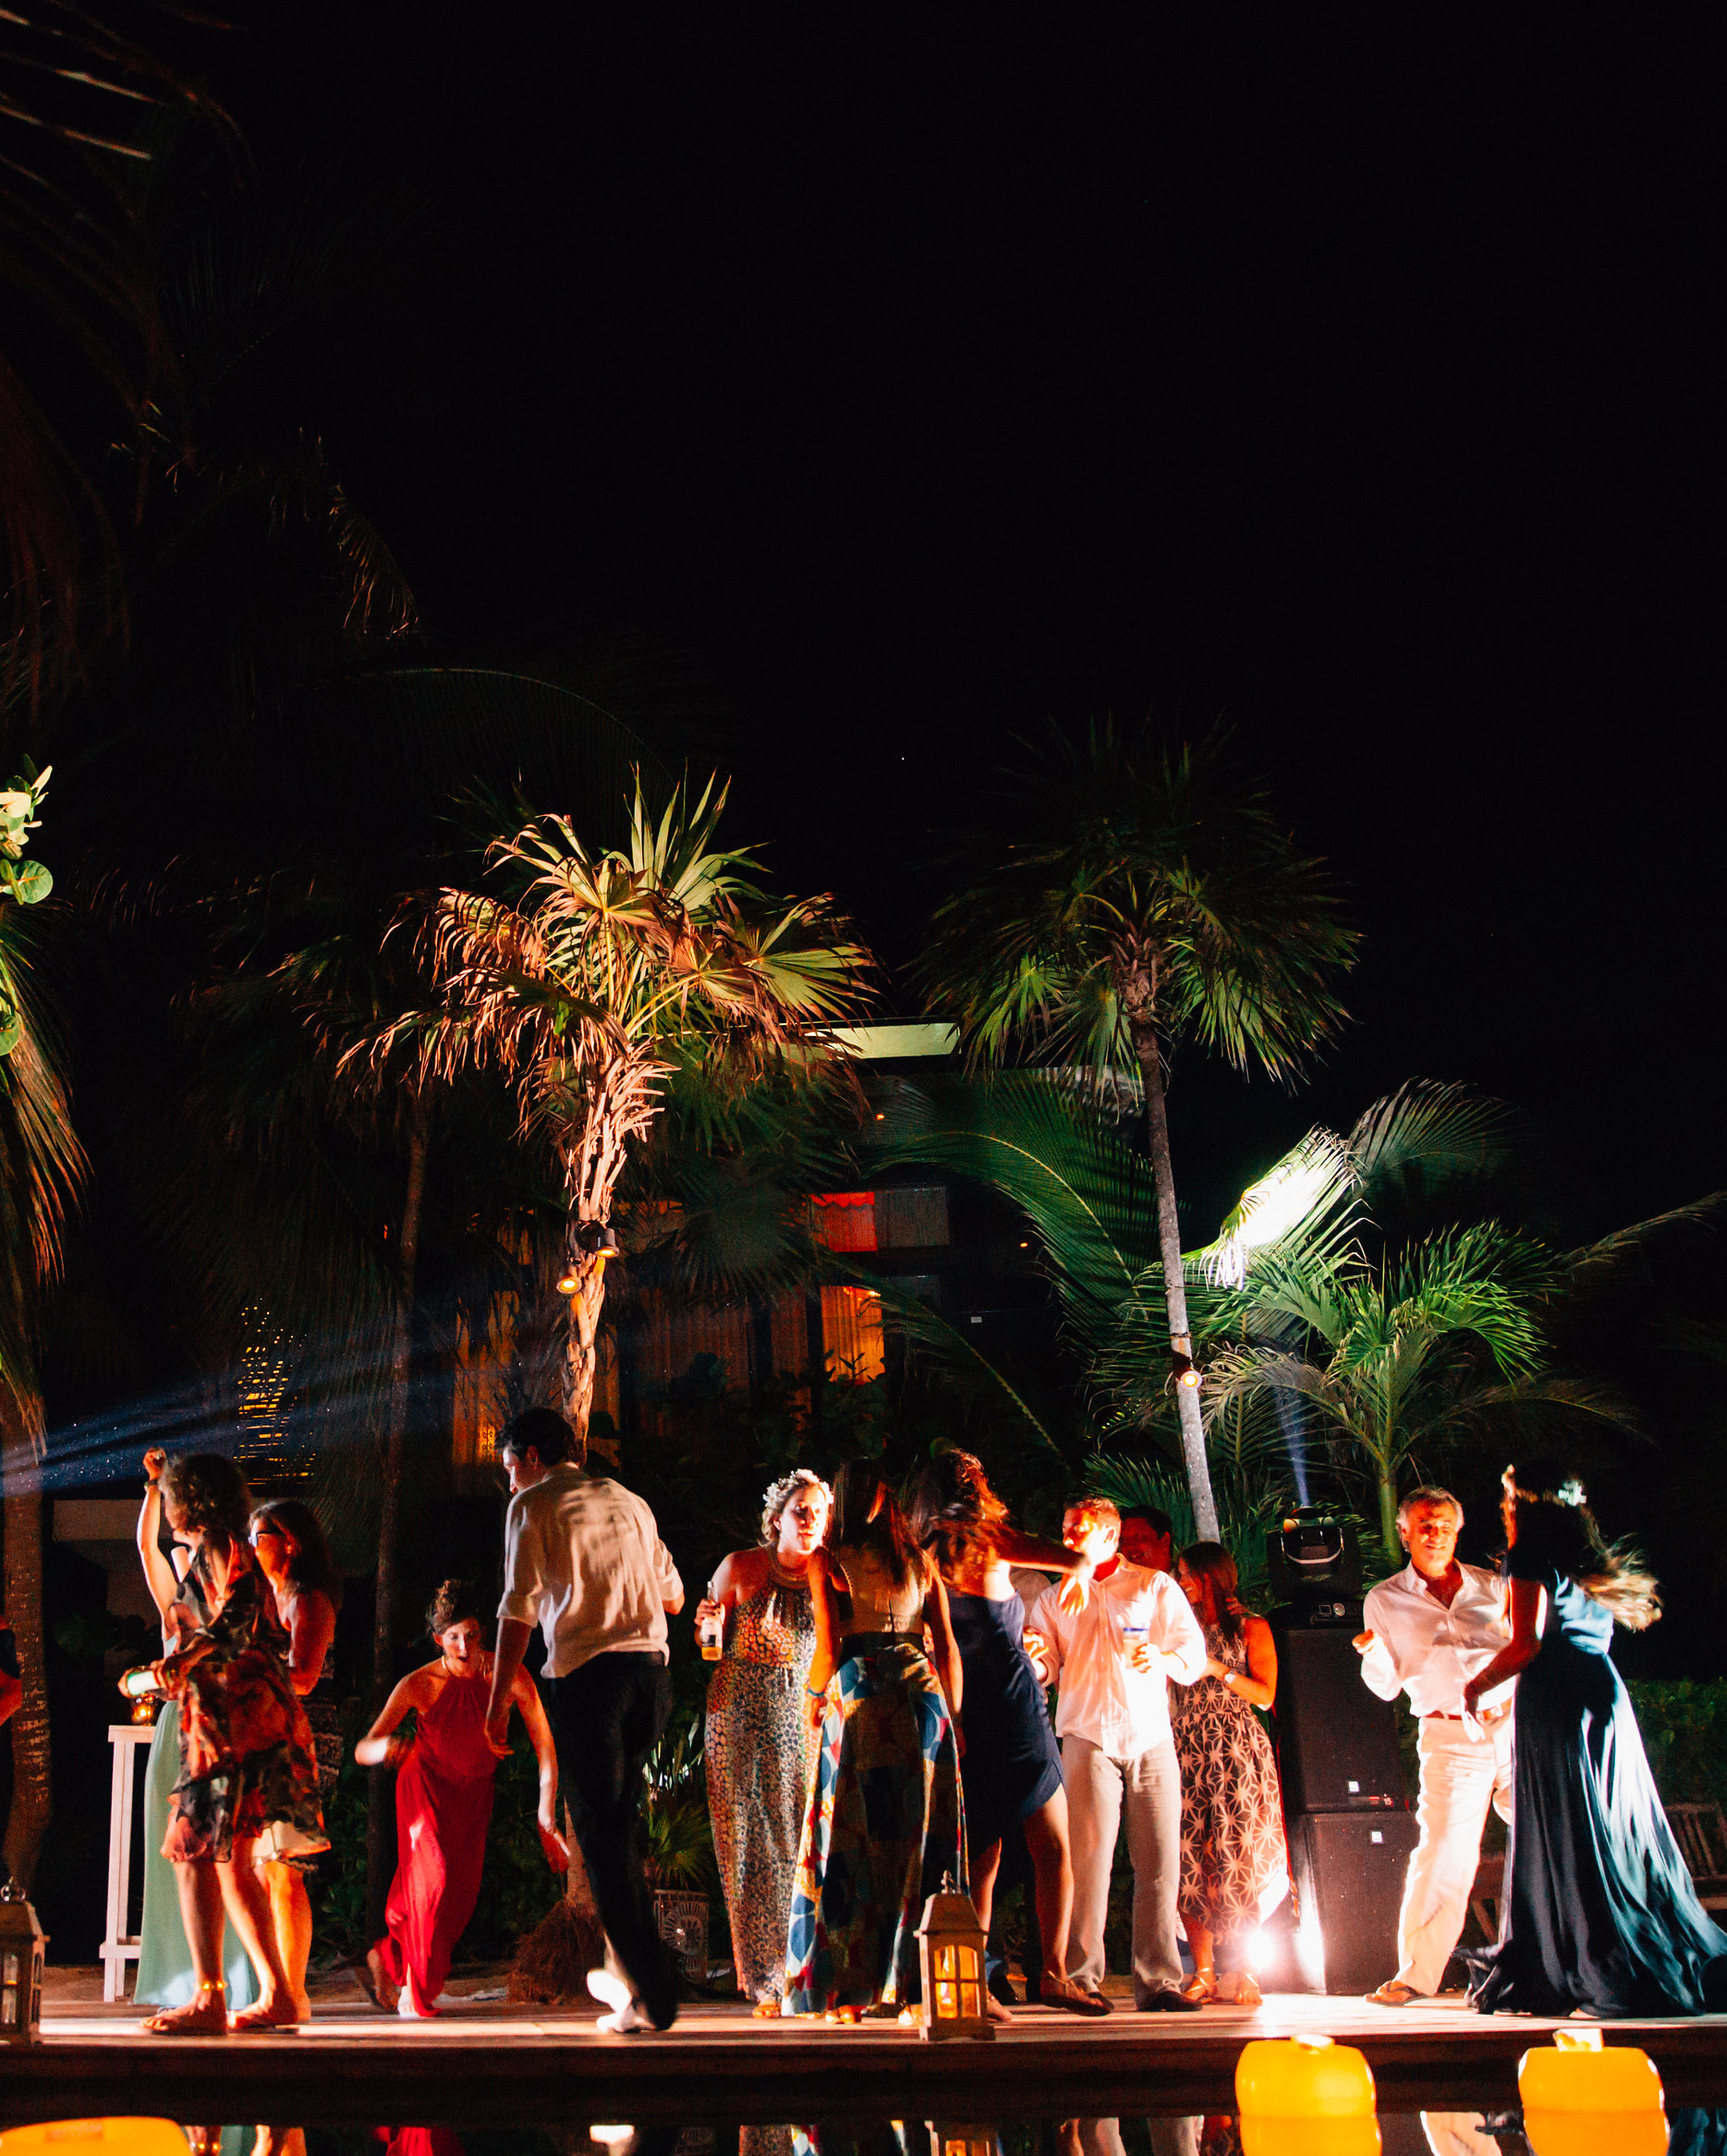 olivia-keith-wedding-dancing-129-s112304-0815.jpg
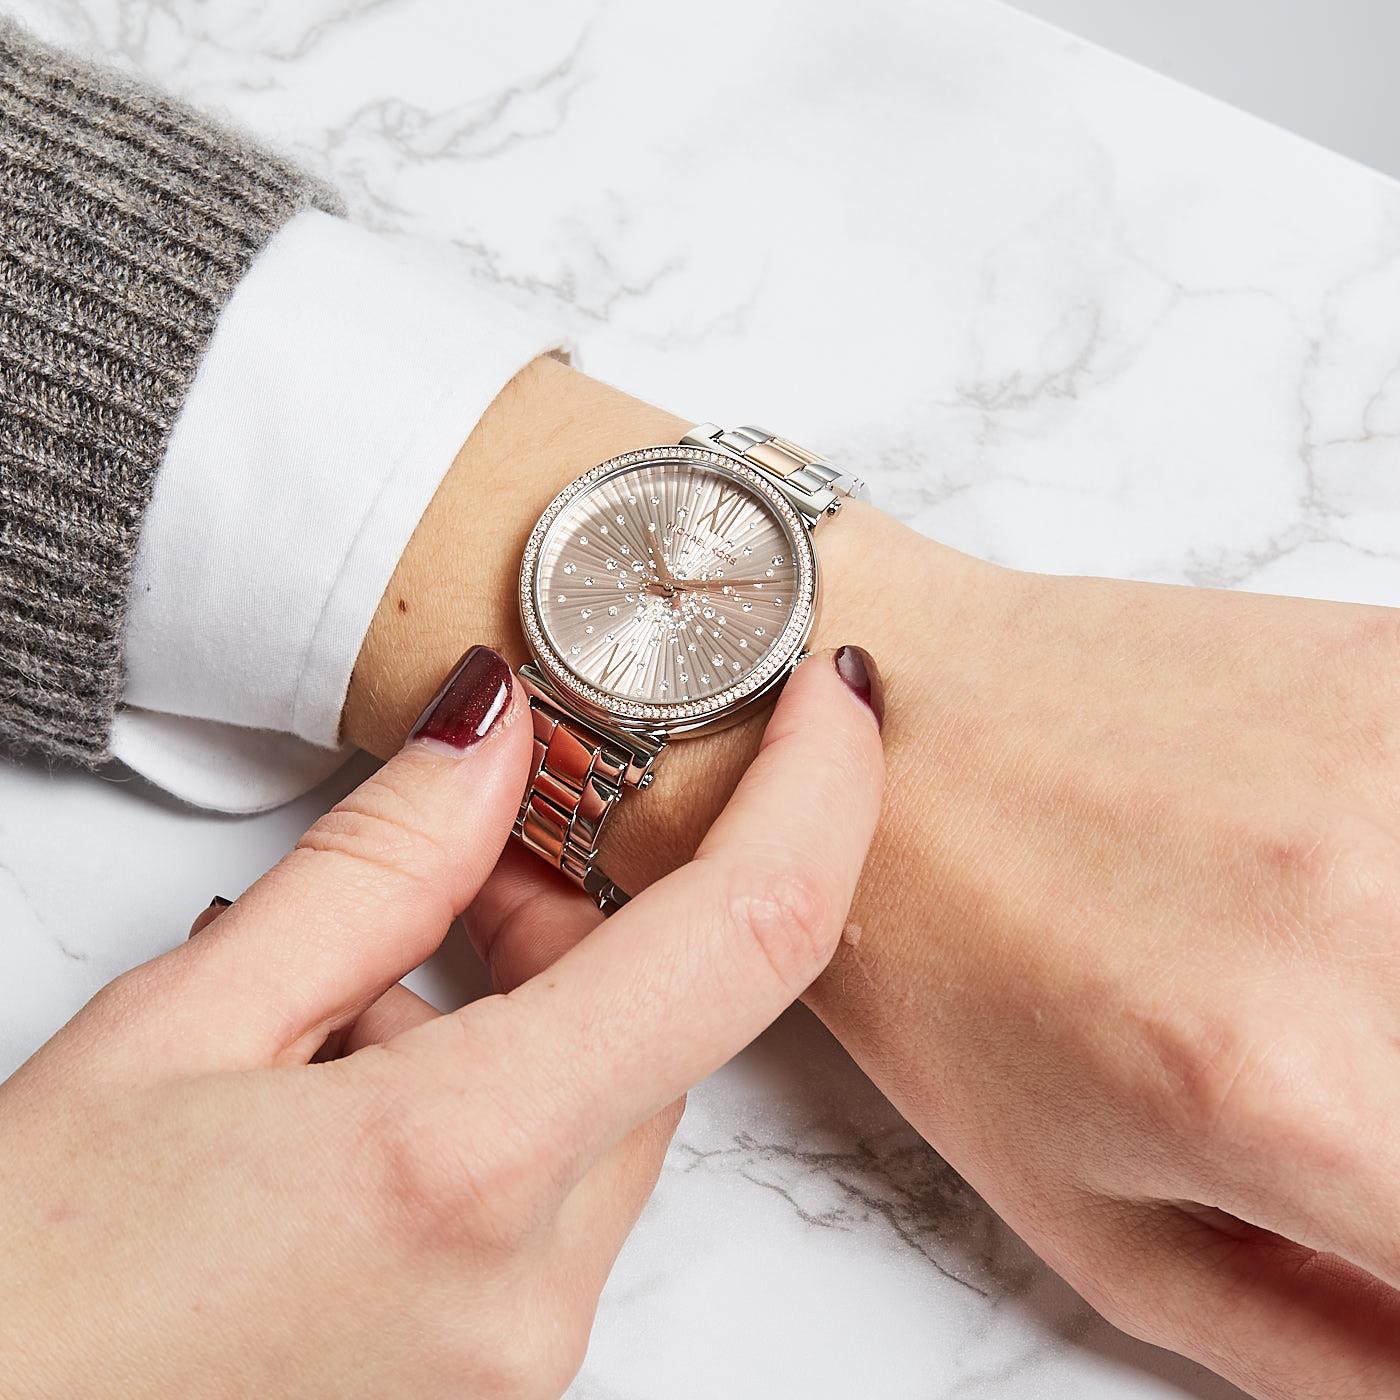 hodinky-nepostradatelny-doplnek-ktere-trendy-vladnou-roku-2019-22
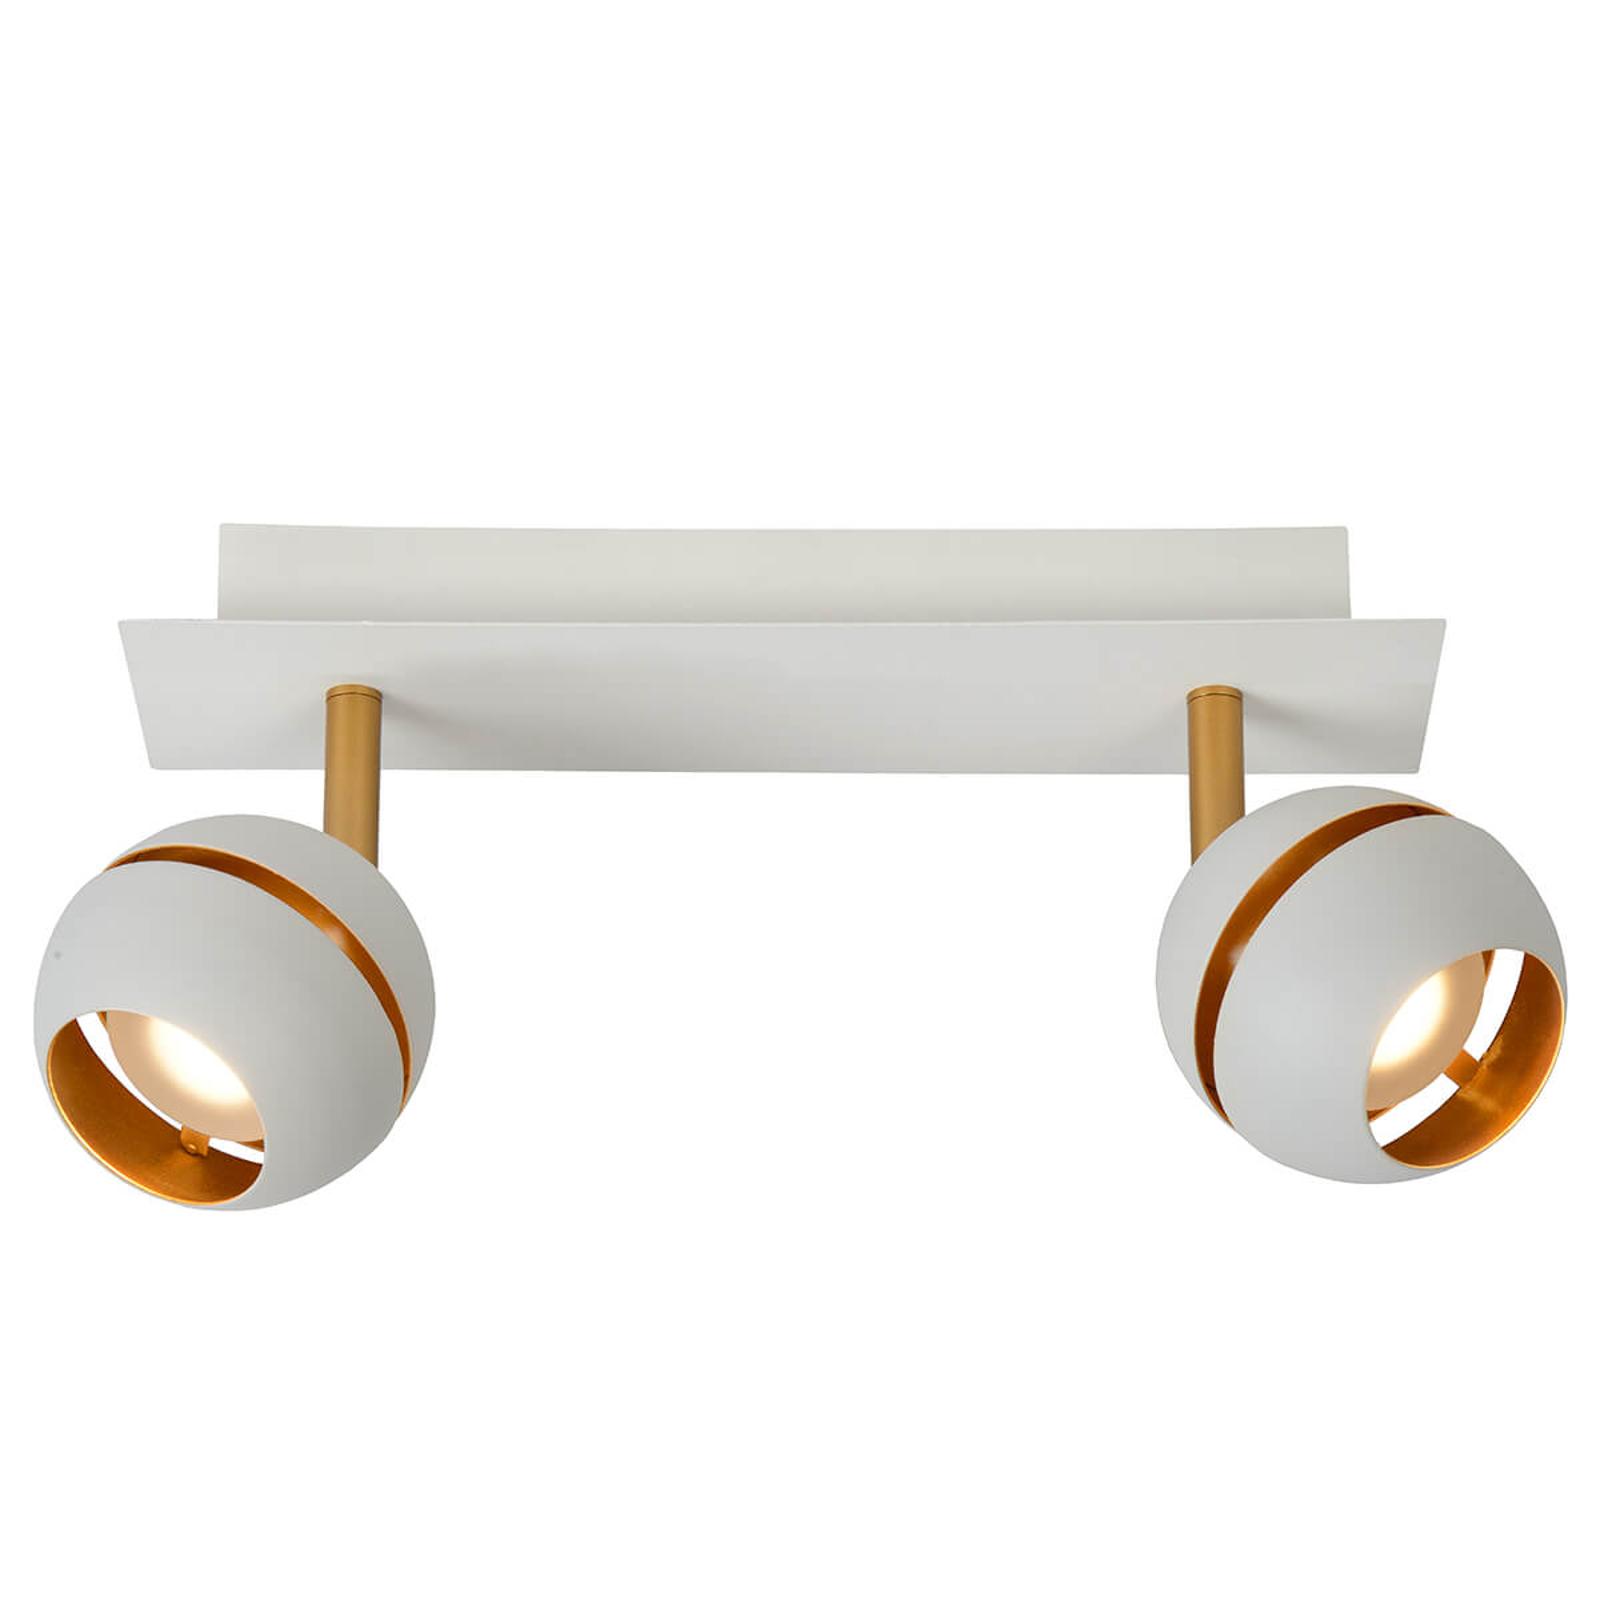 LED plafondlamp Binari, 2-lamps, wit
# # # # # # #
■ Work instruction: Copy the listing exactly. Any image in it stays out of the copy.

■ Solution for this problem:
 olivia-keith-wedding-dancing-129-s112304-0815.jpg
 hodinky-nepostradatelny-doplnek-ktere-trendy-vladnou-roku-2019-22
 LED plafondlamp Binari, 2-lamps, wit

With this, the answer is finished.